El té del capitán Jim resultó ser un néctar. Se alegró como un niño con los cumplidos de Ana, pero simuló una delicada indiferencia.
-El secreto es que no economizo crema -señaló, con modestia. El capitán Jim no había oído hablar jamás de Oliver Wendell Holmes, pero evidentemente estaba de acuerdo con el aforismo del escritor en el sentido de que «a un corazón grande no puede gustarle un bote pequeño de crema».
-Nos encontramos con un personaje muy extraño en el camino de entrada -dijo Gilbert mientras bebían el té-. ¿Quién es? El capitán Jim sonrió.
-Marshall Elliott, un hombre excelente, con un toque de locura. Se habrán preguntado qué objeto tiene convertirse en una especie de atracción de feria.

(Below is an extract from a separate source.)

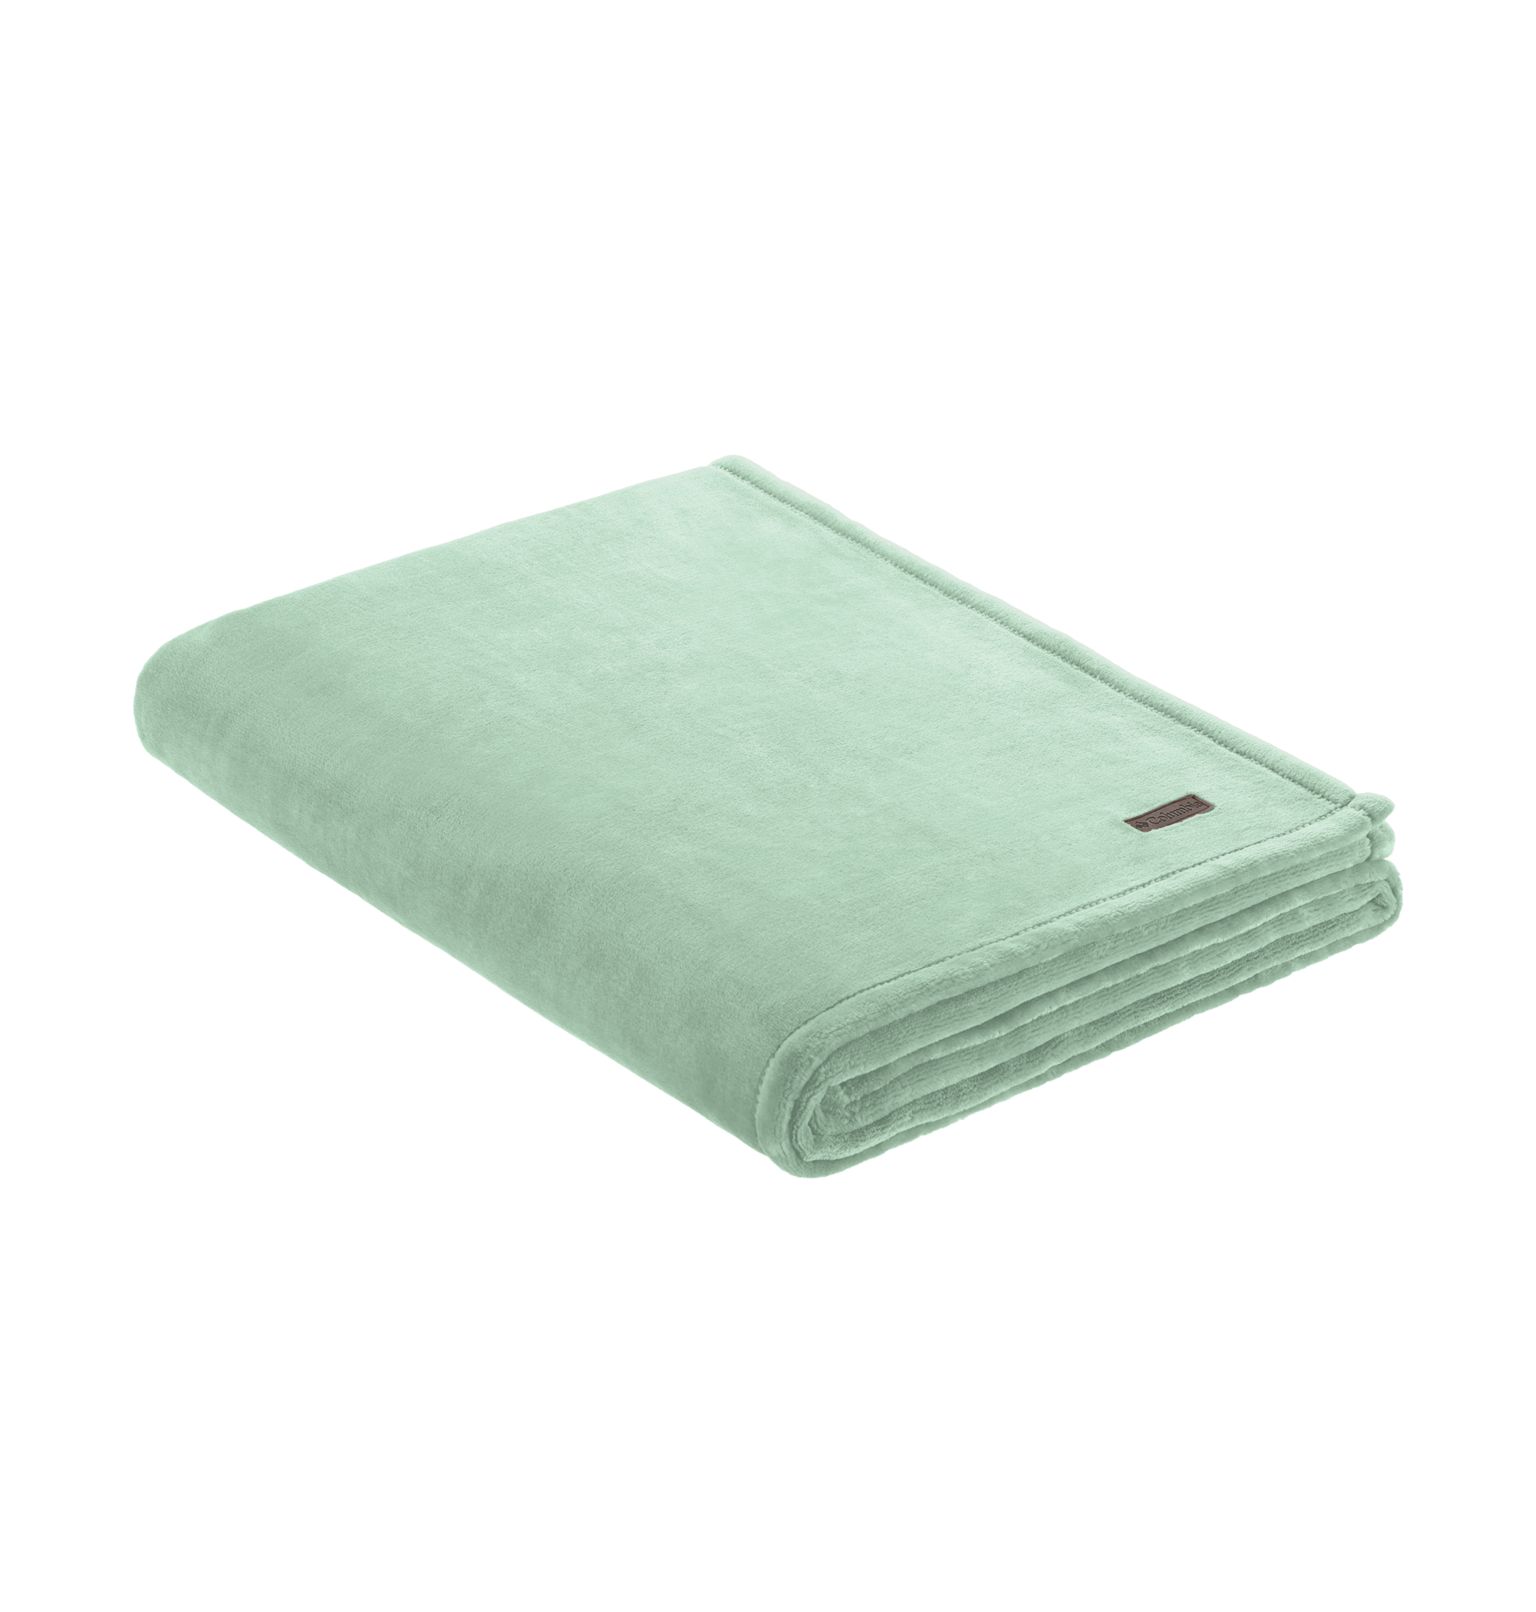 50" x 60" Columbia Plush Throw Blanket (Gray or Green) $12 & More + Free Shipping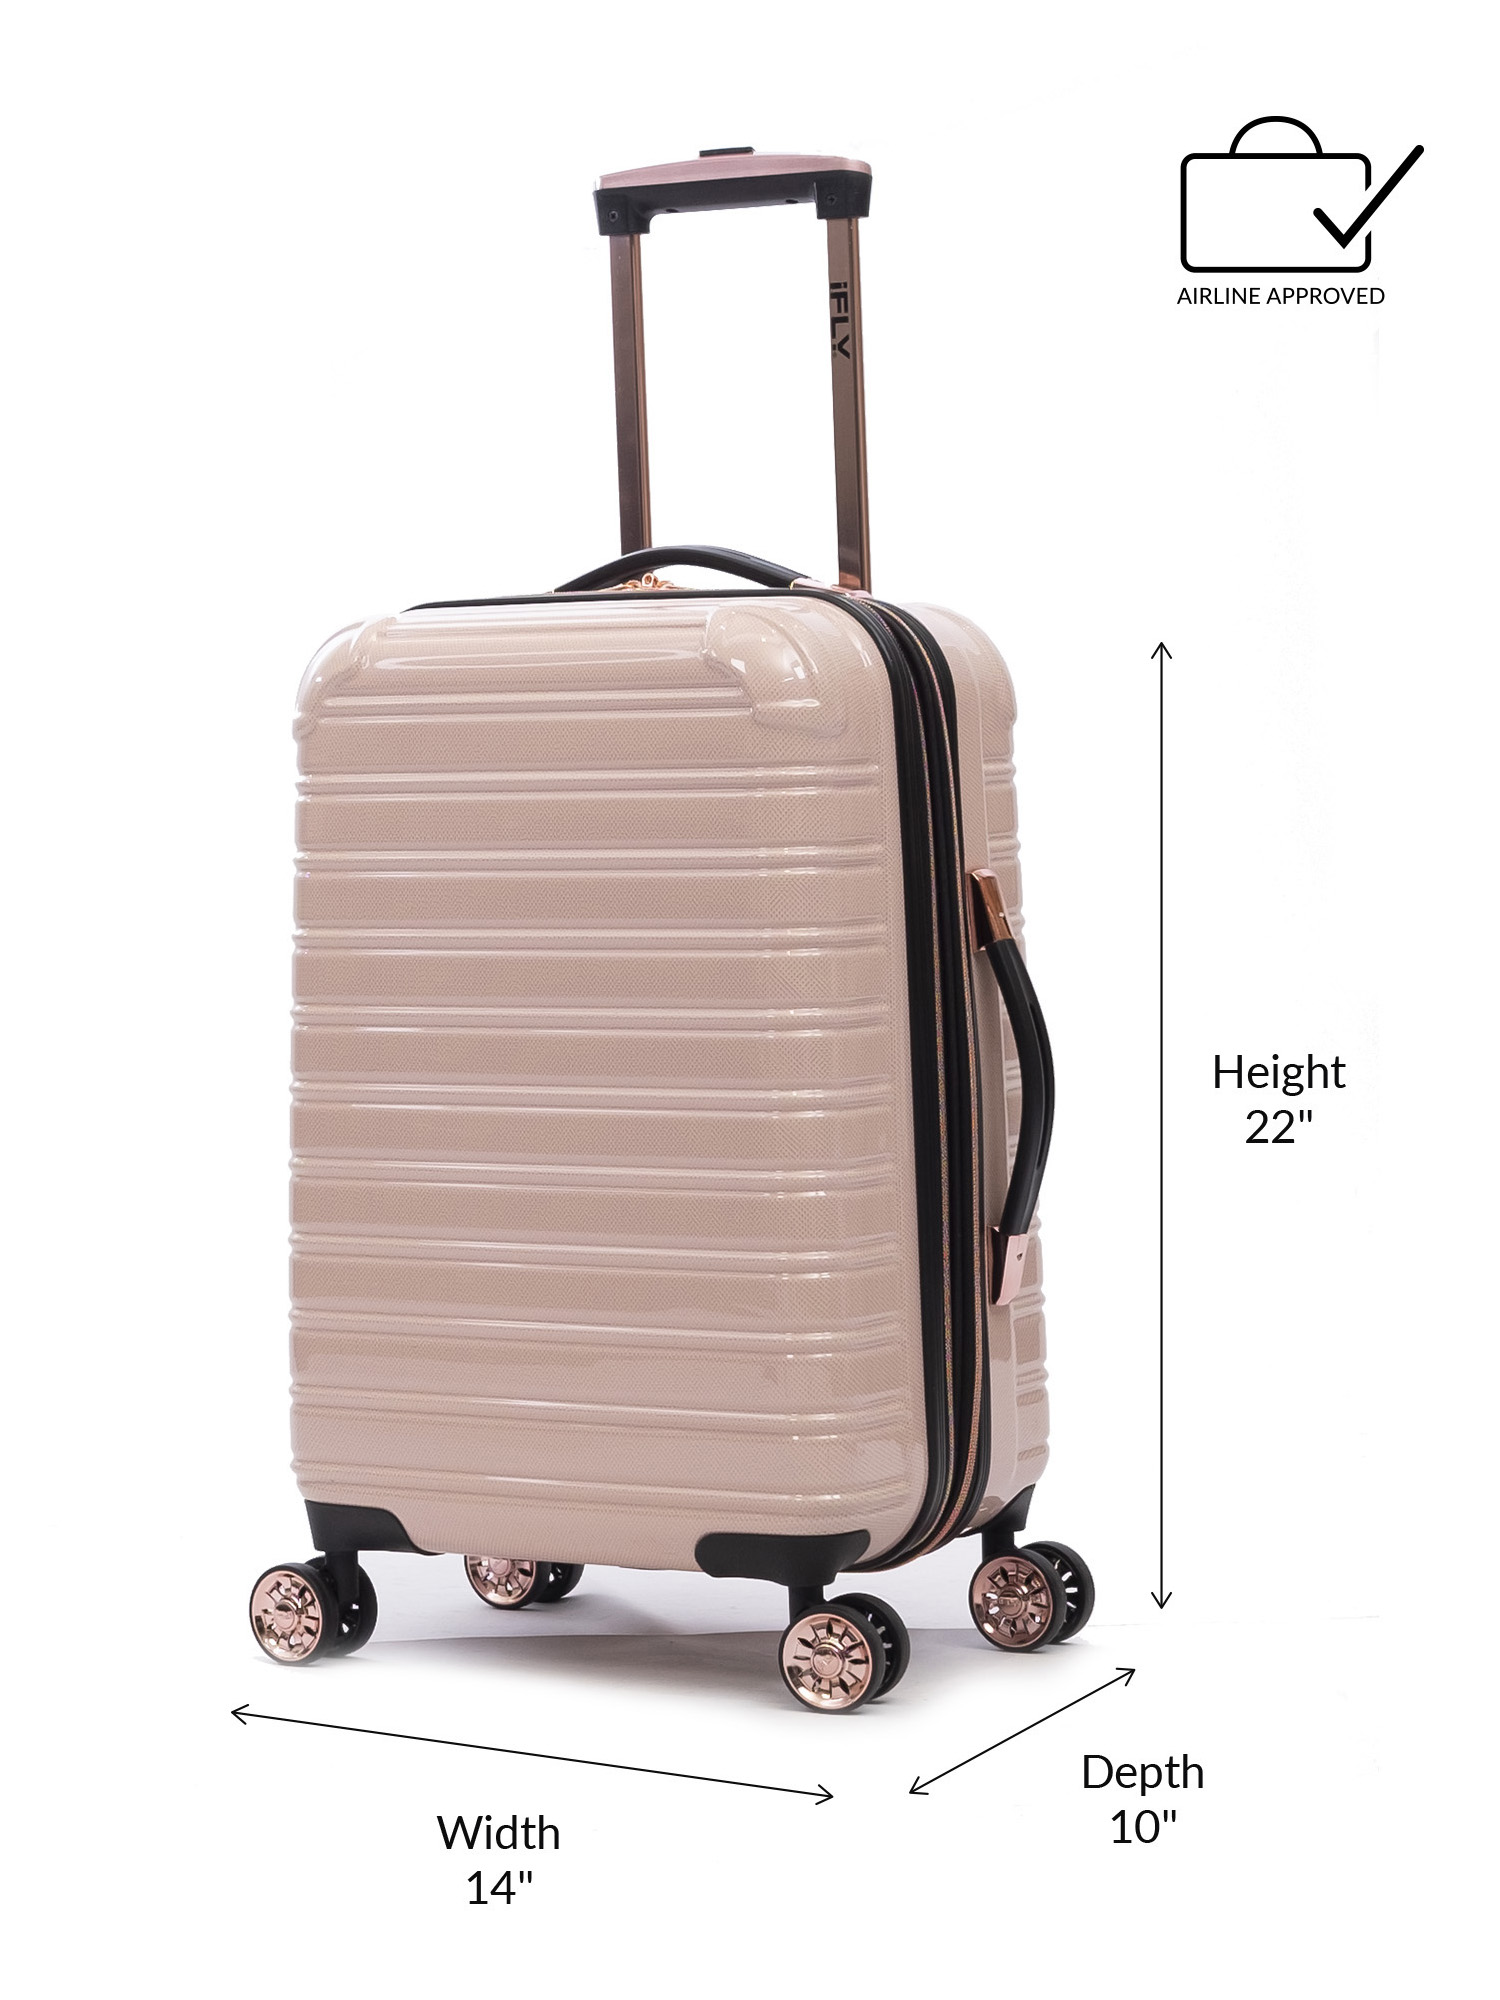 iFLY Hardside Luggage Fibertech 20 Inch Carry-on, Blush/Rose Gold - image 2 of 8

-¿No es un moderno nazareno o un profeta hebreo de los tiempos antiguos? -preguntó
Ana.
-Ninguna de las dos cosas. Es la política lo que yace en el fondo de su excentricidad. Todos los Elliott, los Crawford y los MacAllister son políticos acérrimos. Nacen liberales o conservadores, según sea el caso, viven siendo liberales o conservadores y mueren siendo liberales o conservadores y, lo que harán en el cielo, donde probablemente no haya política, es más de lo que yo puedo imaginar. Marshall Elliott nació liberal. Yo también lo soy, si bien moderado, pero en Marshall la moderación no existe. Hace quince años, hubo unas elecciones generales especialmente reñidas. Marshall luchó por su partido con uñas y dientes. Estaba absolutamente seguro de que los liberales ganarían, tan seguro que se puso de pie en un acto público y juró que no se afeitaría ni se cortaría el pelo hasta que los liberales asumieran el poder. Bien, no ganaron, hasta ahora no han ganado, y ya han visto el resultado con sus propios ojos. Marshall cumplió con su palabra.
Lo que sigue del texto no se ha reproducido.